Description of the task: Repeat word for word the lines starting at the one with "Мозаика серия Fresh" and ending at the final line of the material, both ends included; omit pictures.

Recorded data:
▬▬▬▬▬▬▬▬▬▬
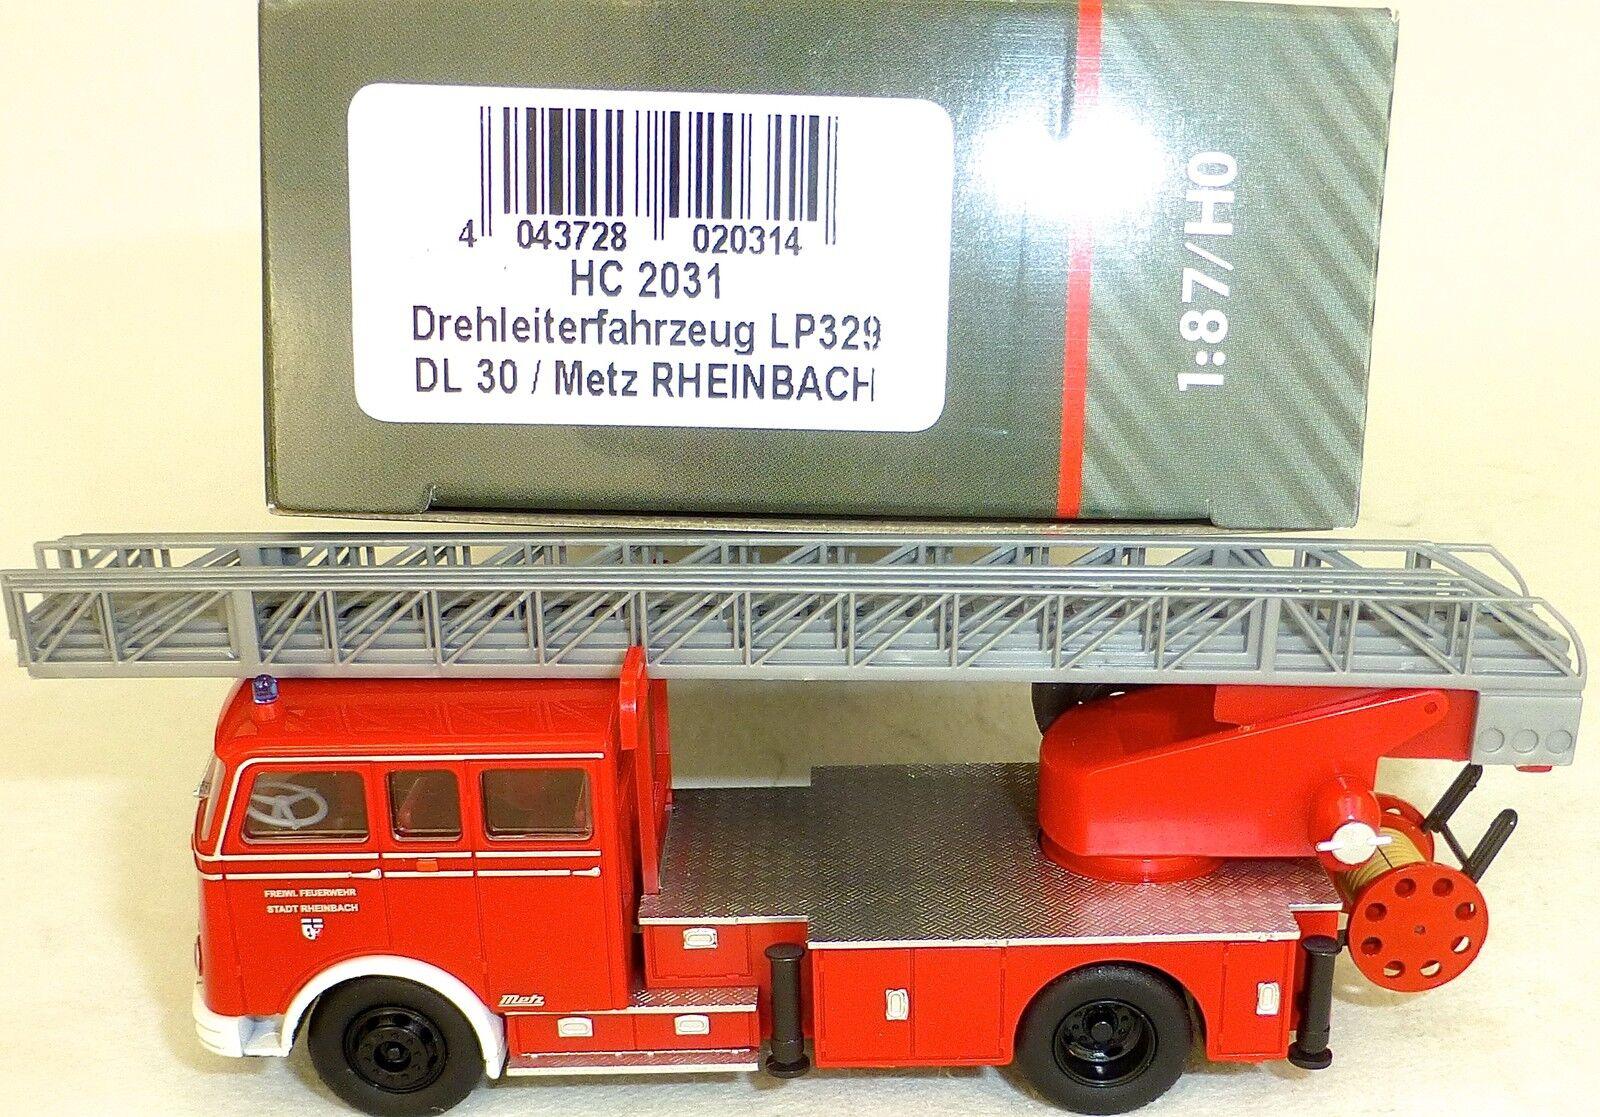 Drehleiter véhicule lp329 dl30 Metz rheinbach rheinbach rheinbach Heico hc2031 OVP NOUVEAU μ d7cdf6
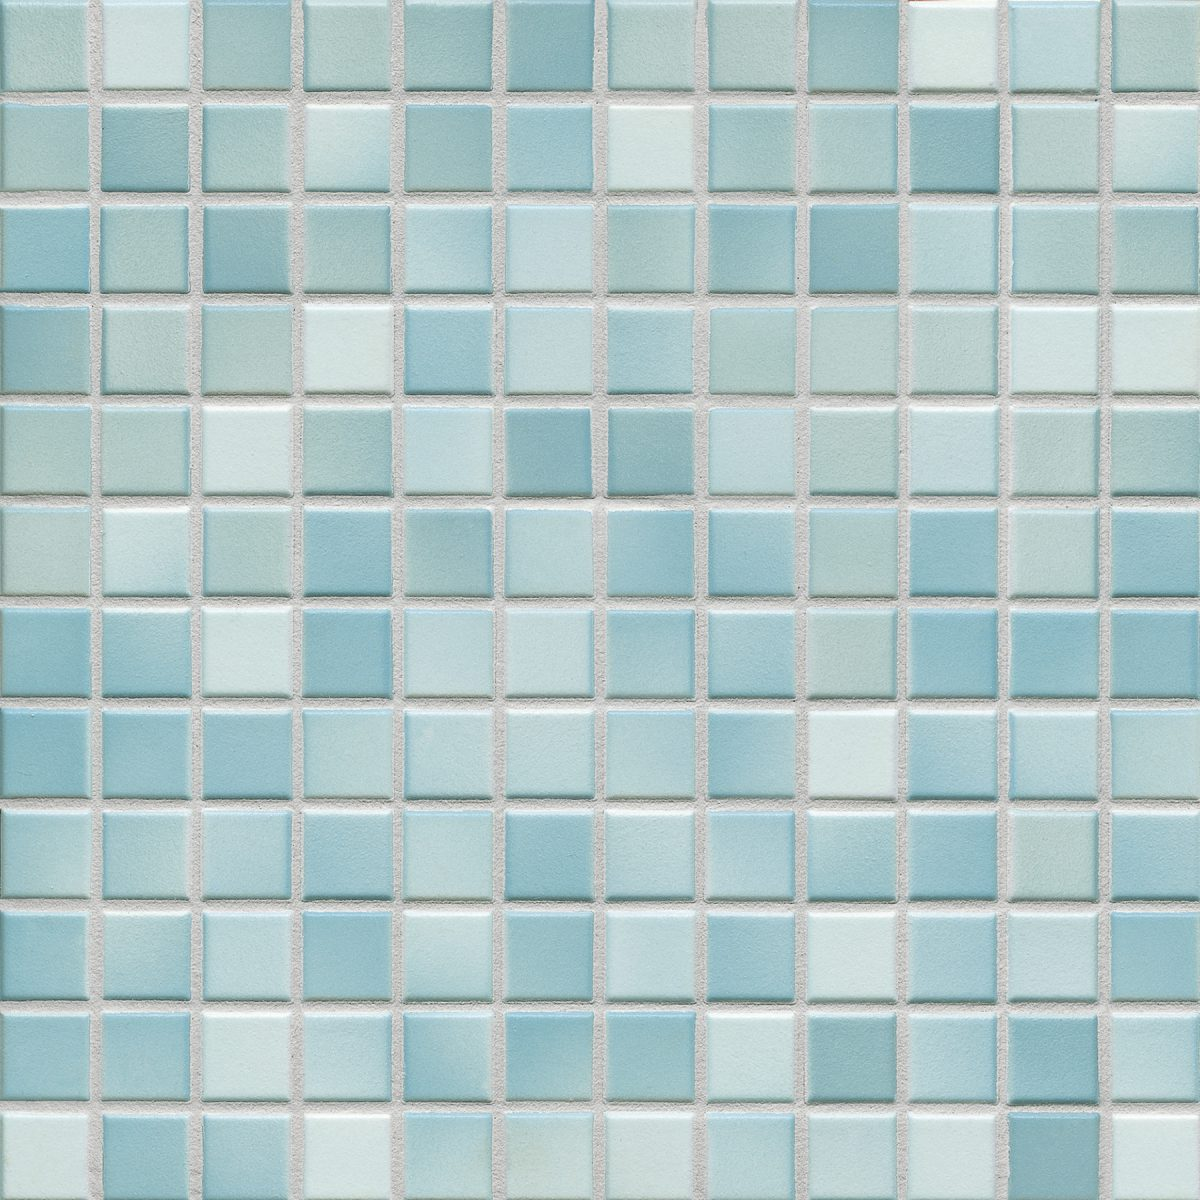 Мозаика серия Fresh 2,4 X 2,4 см Light Blue Mix Secura (противоскользящая R10/B)
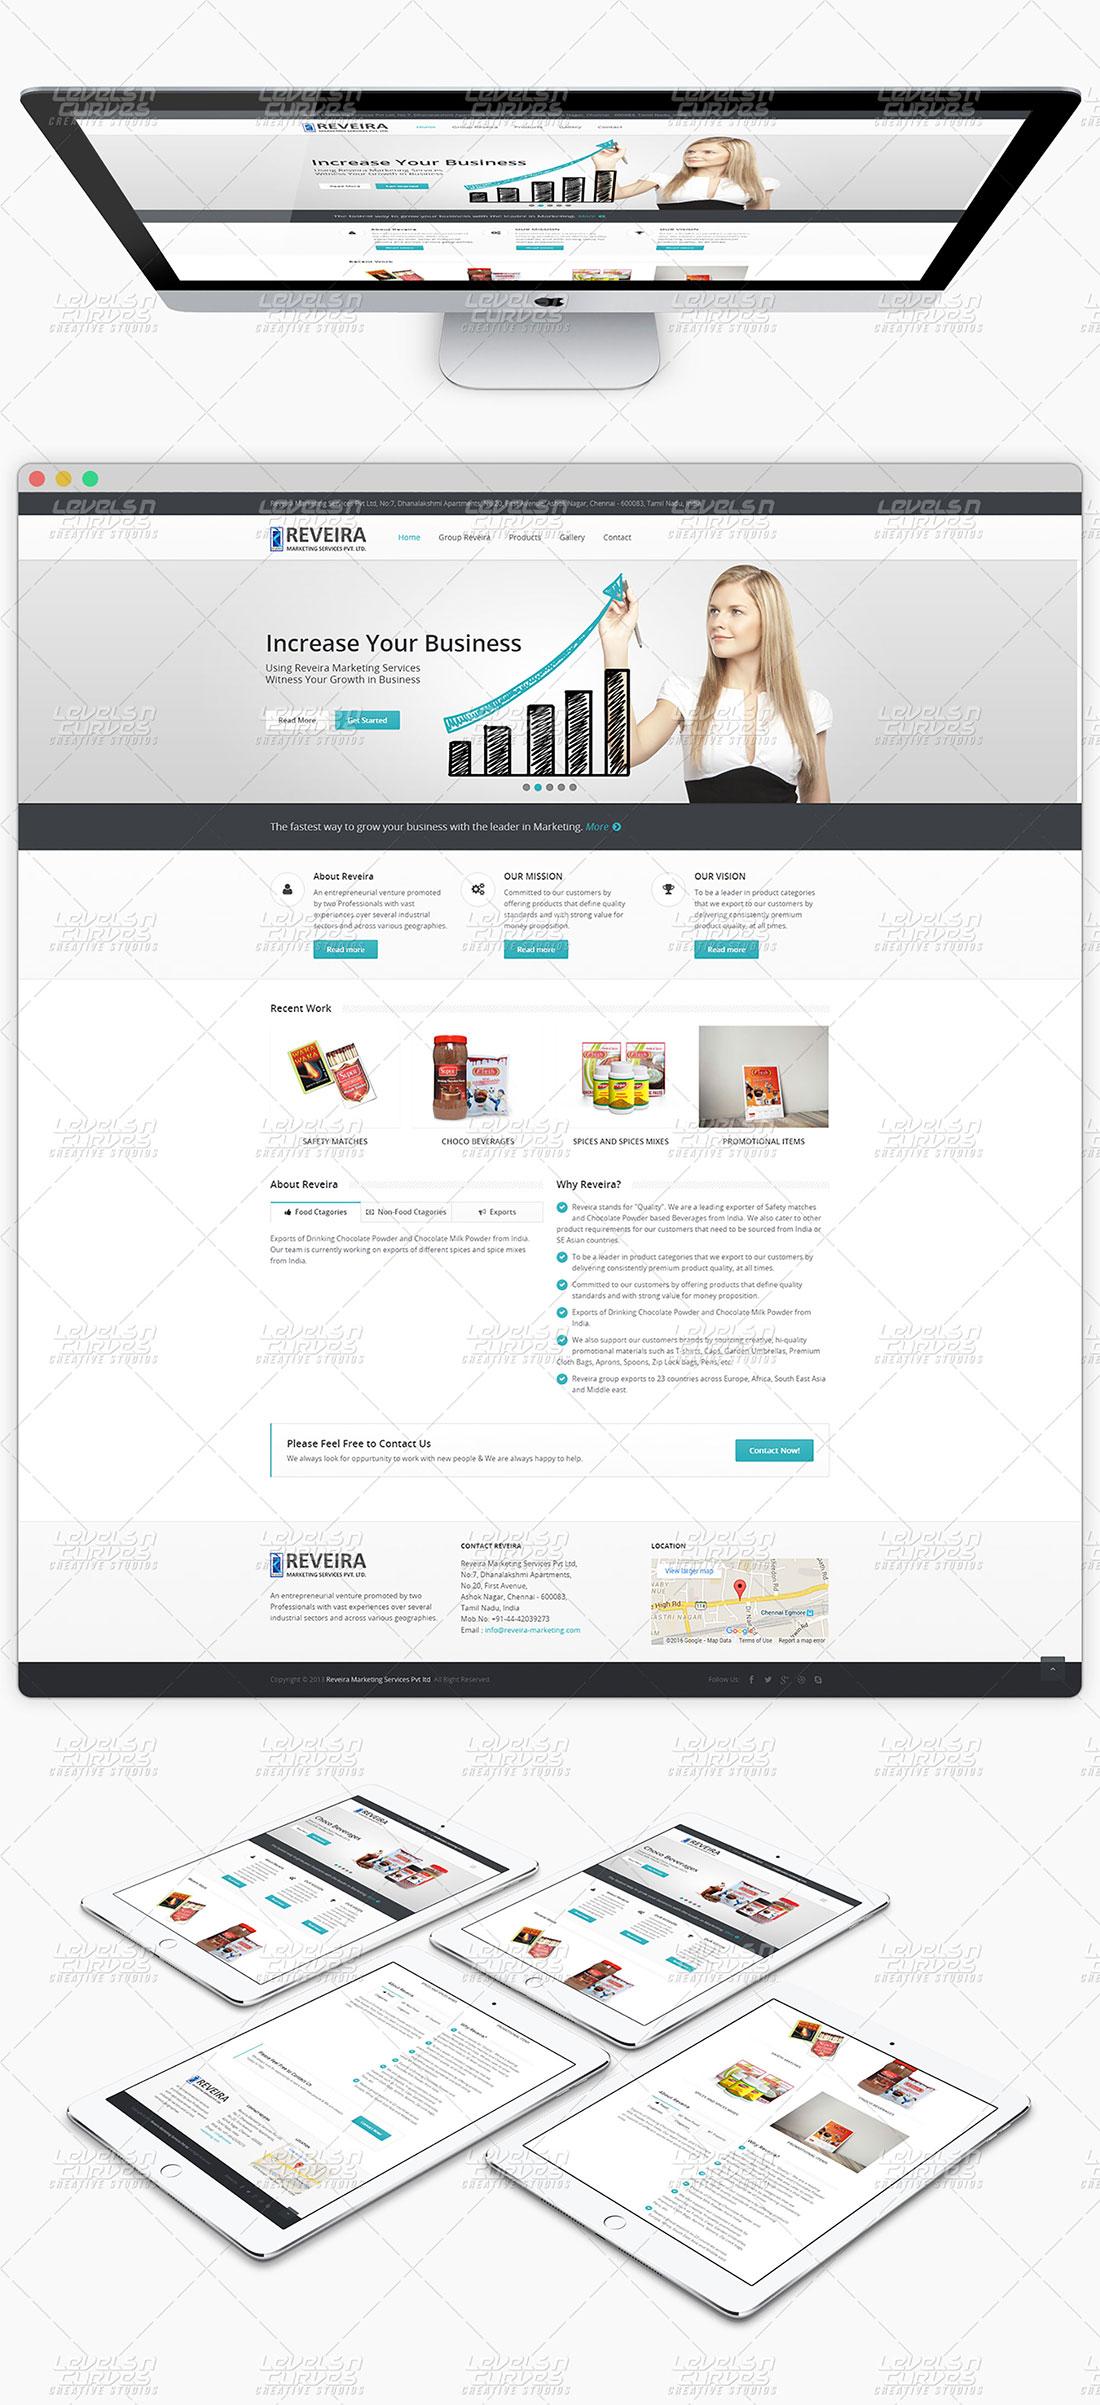 Branding and print design
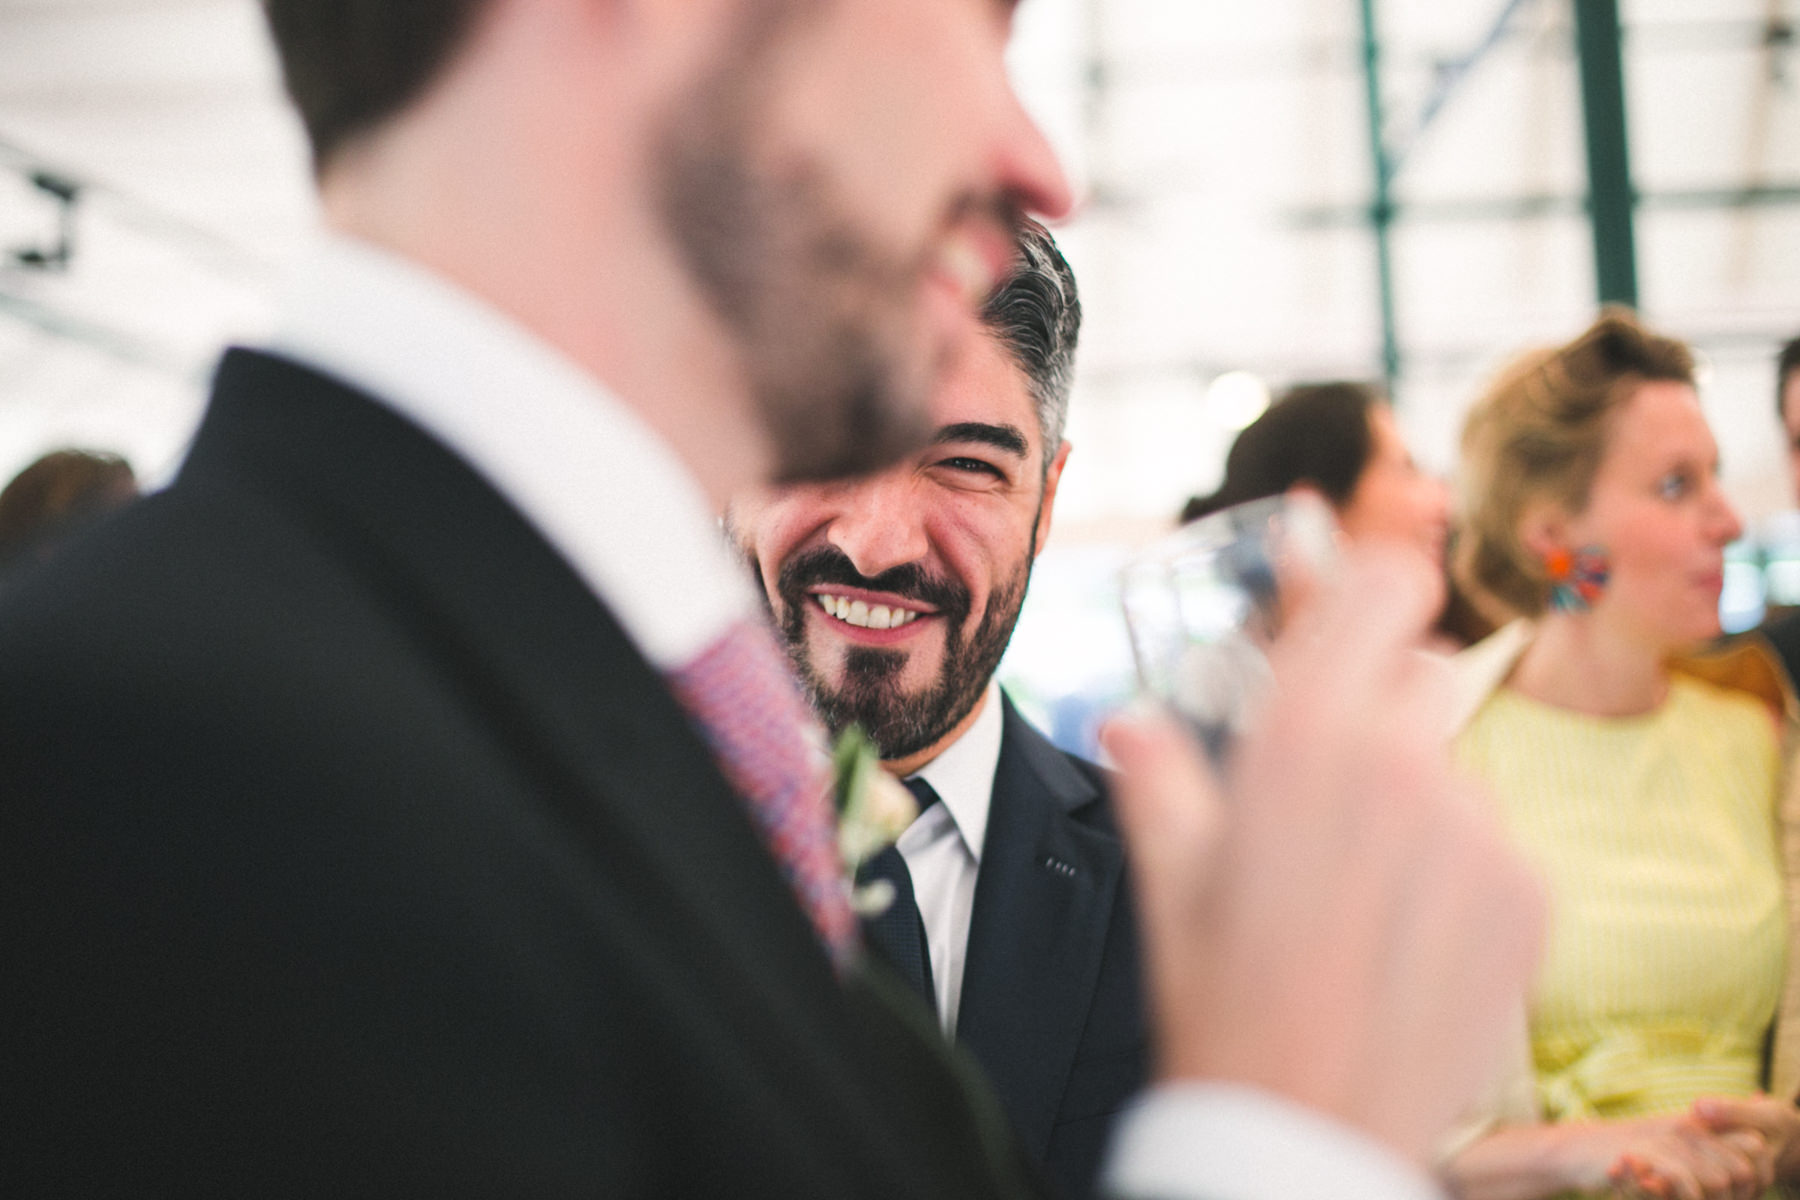 Wedding_Photography_Carlos_Hevia_Barcelona_Berlin_29.jpg
▬▬▬▬▬▬▬▬▬▬
Your solution:
 Мозаика серия Fresh 2,4 X 2,4 см Light Blue Mix Secura (противоскользящая R10/B)
 Branding and print design
 Wedding_Photography_Carlos_Hevia_Barcelona_Berlin_29.jpg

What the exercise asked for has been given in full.